One month later, Alex's granddaughter goes missing. Alex's daughter goes to a building with cash, only for the killer to take the money and attempt to escape. Vikram catches the killer and removes his mask, revealing Alex's face. The scene cuts back to Maha standing at the top of the building, looking down and smiling. The film then shows a flashback in which Maha and Malik are in love. Malik is a pilot who leaves for work just as Maha discovers she is pregnant. Maha eagerly waits to tell Malik the happy news. However, she learns that the plane Malik was flying has gone missing in the Arabian Sea. The scene then flashes back to Maha grieving over her daughter's death.

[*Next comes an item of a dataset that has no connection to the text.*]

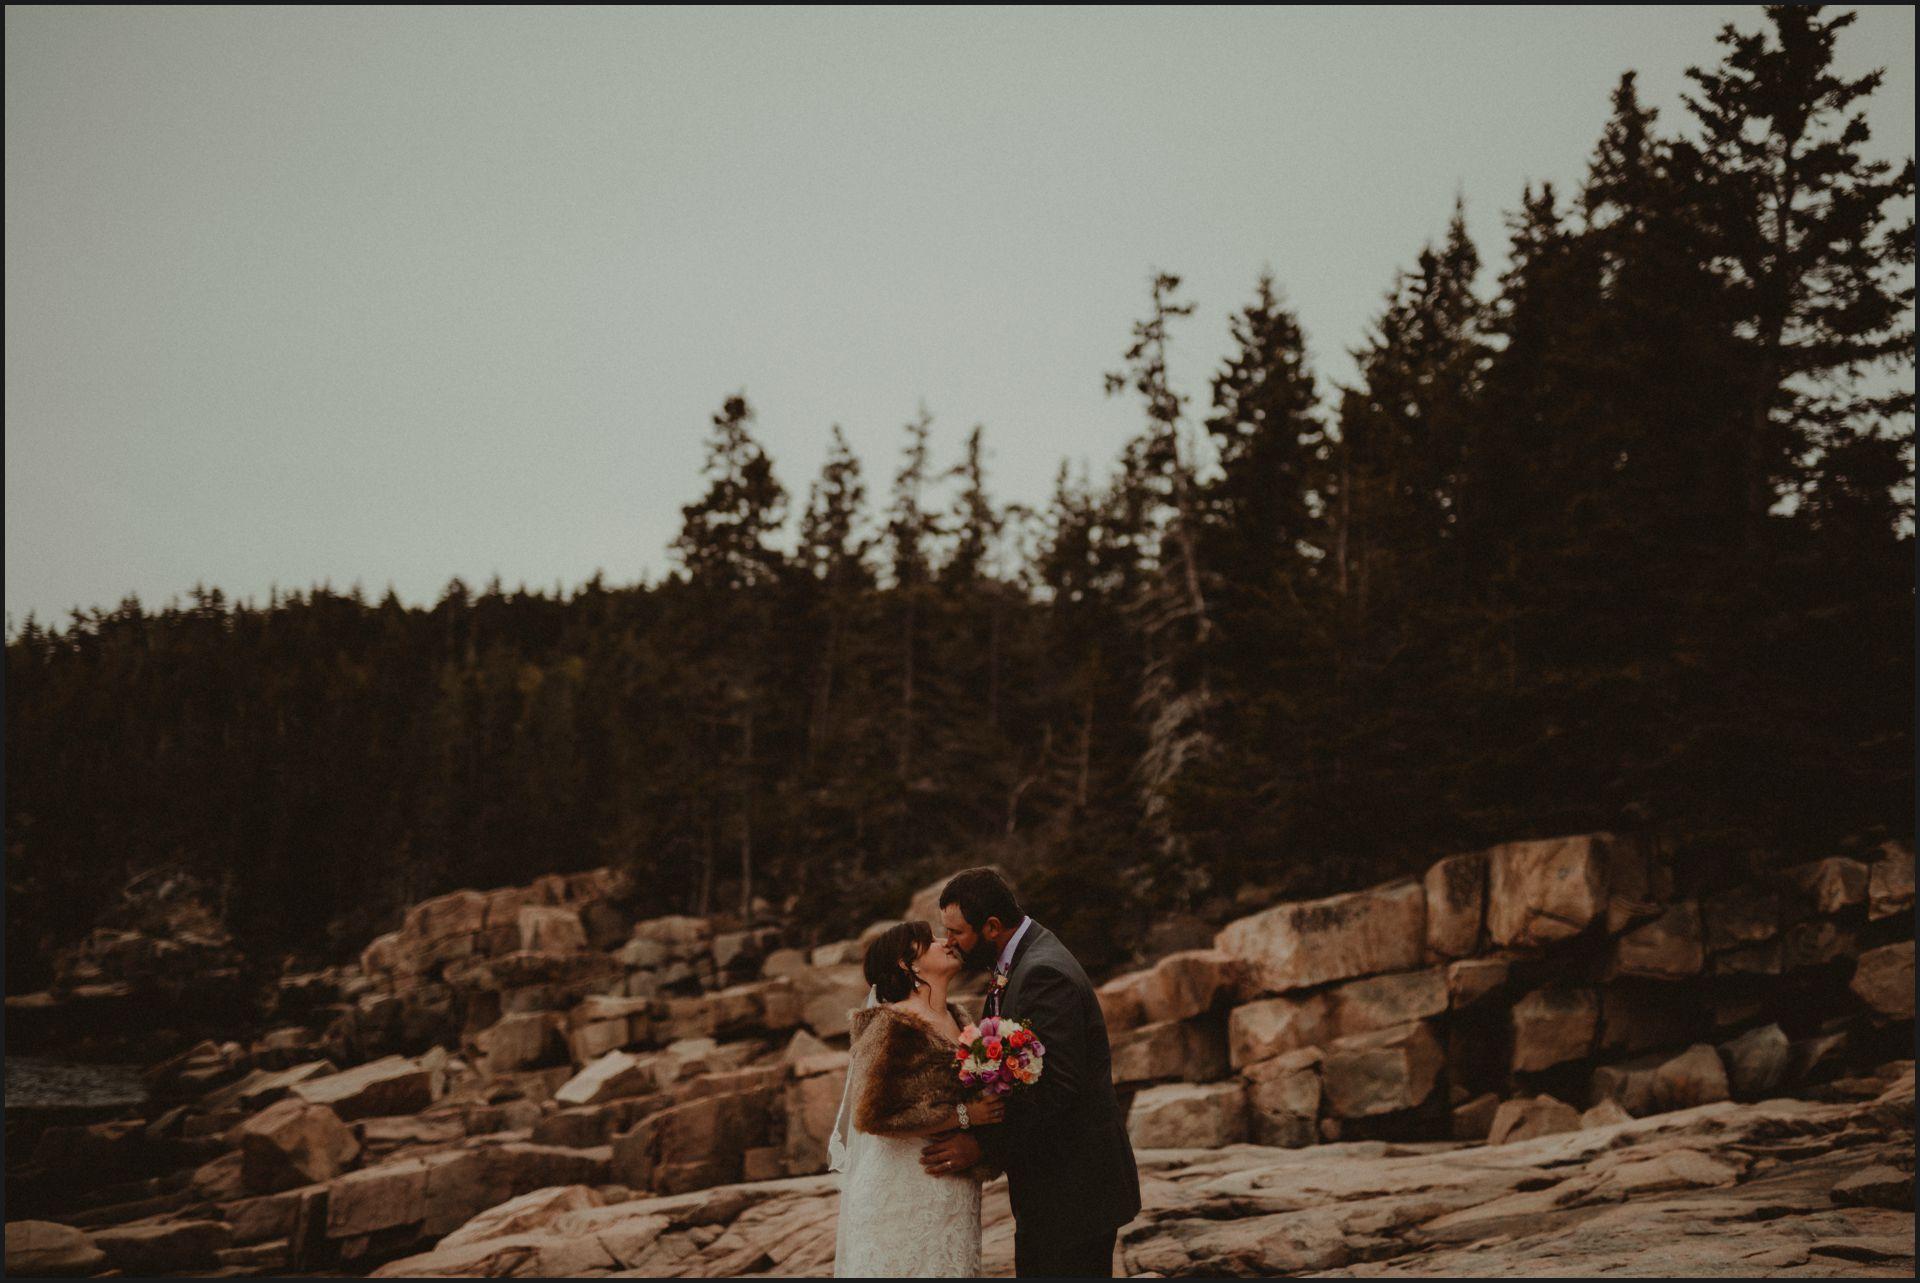 acadia national park, maine, wedding, couple portrait, bride, groom, beach wedding
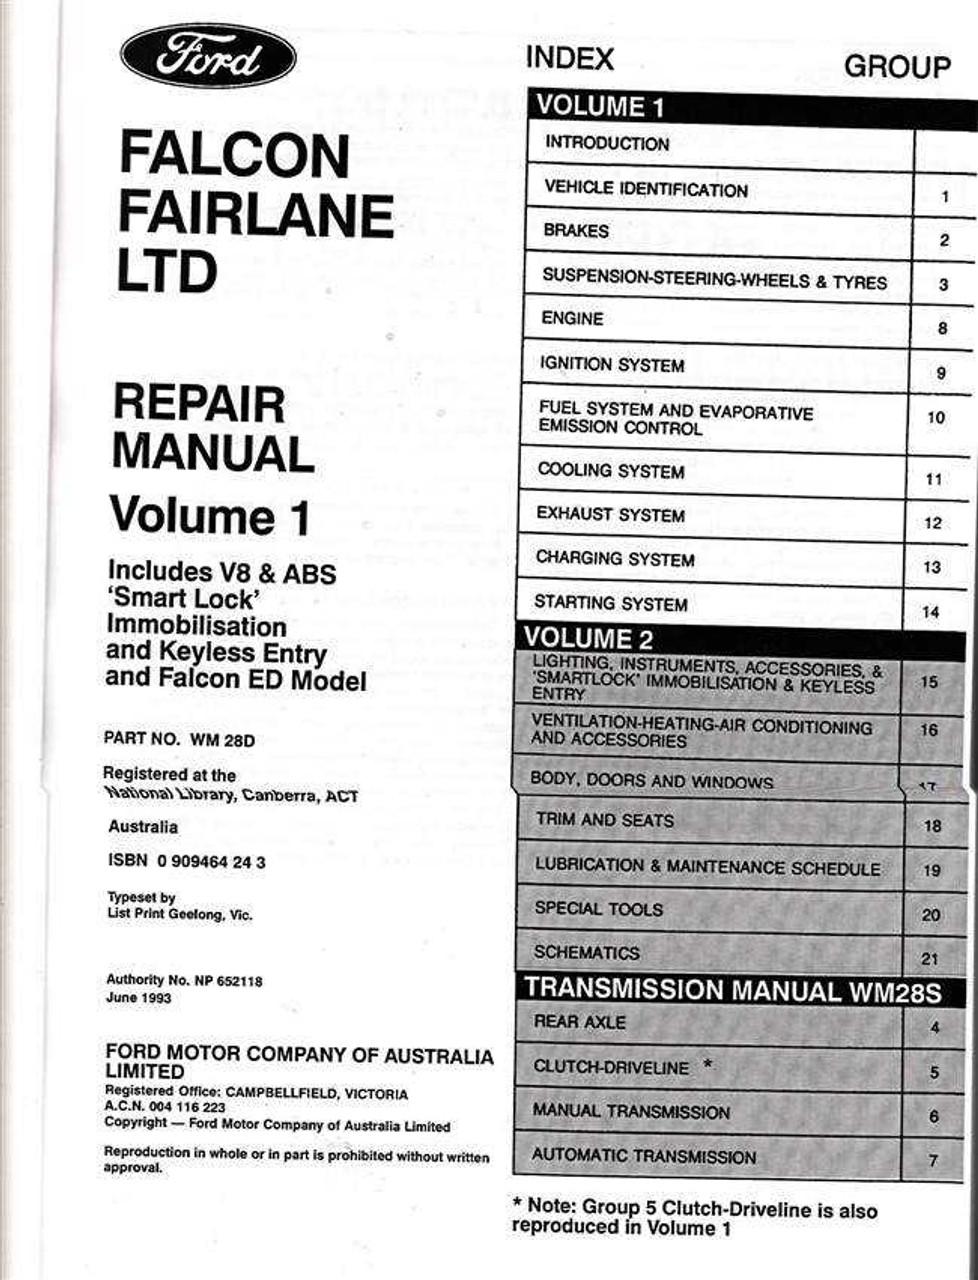 ford falcon and fairlane ltd workshop manual

Maha enquires with the police about her daughter's case, but they chase her away. Maha decides to find the answers herself and bribes a policeman to give her all the case details. Through this, Maha realises that the CCTV footage taken from her house does not match the copy she has. Vikram questions Alex, who reveals that one day, while Vikram was investigating Maha's case, Alex found his son Matthew's car parked on the road and discovered Aishu in the boot. He calls Maha to tell her to go to the building, then takes Aishu with him and leaves her there. Aishu, not fully awake, walks over the edge and falls to her death. Alex did this because he did not want his son to get caught. Maha listens repeatedly to the recordings of the killer speaking to her. In the background of the recordings, she hears a mosque and a train. Maha goes to Matthew's shop to ask about nearby train tracks, not realising that Alex's granddaughter is inside. As Maha leaves, she hears the same sound from the recordings, along with a passing train. She discovers that Aishu's phone has been switched on and realises that Matthew is the killer. Matthew and Maha fight, during which Maha is severely injured but ultimately succeeds in killing Matthew just as Vikram arrives with the police force.

== Production ==
Maha is Hansika Motwani's 50th film as an actor and Mohamaad Ghibran's 25th film as a composer. Sanam Shetty, Srikanth, Karunakaran and Thambi Ramaiah were chosen for important roles in the film. Silambarasan plays a guest role. Filming was scheduled to take place in late January 2020.

==Music==

The music of the film was composed by Ghibran in his 25th film as composer. The entire soundtrack album was released on 12 July 2022. The lyrics for the songs are written by Viveka, Madhan Karky and Soundara Rajan.
- "Kedutthutiye" - Benny Dayal
- "Hey Edhiriye (Happy Version)" - Deepthi Suresh
- "Hey Edhiriye (Sad Version)" - Srisha

==Release==
=== Theatrical ===
The film was released by theatrically worldwide on 22 July 2022, following delays and postponements.

=== Home media ===
The post-theatrical streaming rights of the film were acquired by Aha, and began streaming on 5 August 2022.

==Reception==
Logesh Balachandran of Times of India gave 1.5 out of 5 and wrote "In short, Maha is not as effective as it wants to be." S. Subhakeertana of OTT Play rated the film 1 out of 5, stating that "The ending of the film might frustrate the viewer as it offers no catharsis. The story equally leaves you untouched because it does not care to rise above stereotypes." Dinamalar rated the film 1.5 out of 5.